WHAT NEEDS TO BE DONE.
Return only this: the line with "Running Guys Crochet Hat [Blue]" and all the lines that follow it below, through the final one, exactly as they are.

[Stored dataset items]

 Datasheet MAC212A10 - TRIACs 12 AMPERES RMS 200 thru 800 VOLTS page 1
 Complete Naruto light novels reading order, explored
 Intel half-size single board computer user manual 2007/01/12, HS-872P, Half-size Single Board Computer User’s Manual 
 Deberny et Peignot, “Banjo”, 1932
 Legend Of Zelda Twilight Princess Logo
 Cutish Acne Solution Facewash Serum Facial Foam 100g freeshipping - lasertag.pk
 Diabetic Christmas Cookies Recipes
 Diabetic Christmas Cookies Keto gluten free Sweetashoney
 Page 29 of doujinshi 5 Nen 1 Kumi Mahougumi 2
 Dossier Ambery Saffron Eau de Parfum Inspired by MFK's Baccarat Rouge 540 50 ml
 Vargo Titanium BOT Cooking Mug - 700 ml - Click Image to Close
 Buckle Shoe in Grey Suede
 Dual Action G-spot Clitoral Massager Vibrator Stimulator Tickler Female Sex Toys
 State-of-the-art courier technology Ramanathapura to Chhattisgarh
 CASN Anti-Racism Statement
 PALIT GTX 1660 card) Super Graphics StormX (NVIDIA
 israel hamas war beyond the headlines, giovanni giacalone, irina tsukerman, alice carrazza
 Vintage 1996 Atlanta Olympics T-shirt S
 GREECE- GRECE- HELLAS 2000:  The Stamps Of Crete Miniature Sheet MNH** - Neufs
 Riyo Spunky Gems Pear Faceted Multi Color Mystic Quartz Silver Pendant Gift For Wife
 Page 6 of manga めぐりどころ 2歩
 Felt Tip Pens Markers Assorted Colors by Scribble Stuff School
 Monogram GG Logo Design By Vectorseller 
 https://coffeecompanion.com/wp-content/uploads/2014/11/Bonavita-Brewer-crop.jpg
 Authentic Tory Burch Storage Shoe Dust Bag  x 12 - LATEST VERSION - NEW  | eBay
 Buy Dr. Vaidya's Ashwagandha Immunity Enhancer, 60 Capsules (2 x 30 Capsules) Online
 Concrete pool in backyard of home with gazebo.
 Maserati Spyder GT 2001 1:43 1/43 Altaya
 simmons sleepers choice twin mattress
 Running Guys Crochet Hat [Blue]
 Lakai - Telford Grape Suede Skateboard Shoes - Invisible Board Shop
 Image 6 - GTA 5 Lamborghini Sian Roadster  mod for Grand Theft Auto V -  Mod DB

YOUR SOLUTION.
 Running Guys Crochet Hat [Blue]
 Lakai - Telford Grape Suede Skateboard Shoes - Invisible Board Shop
 Image 6 - GTA 5 Lamborghini Sian Roadster  mod for Grand Theft Auto V -  Mod DB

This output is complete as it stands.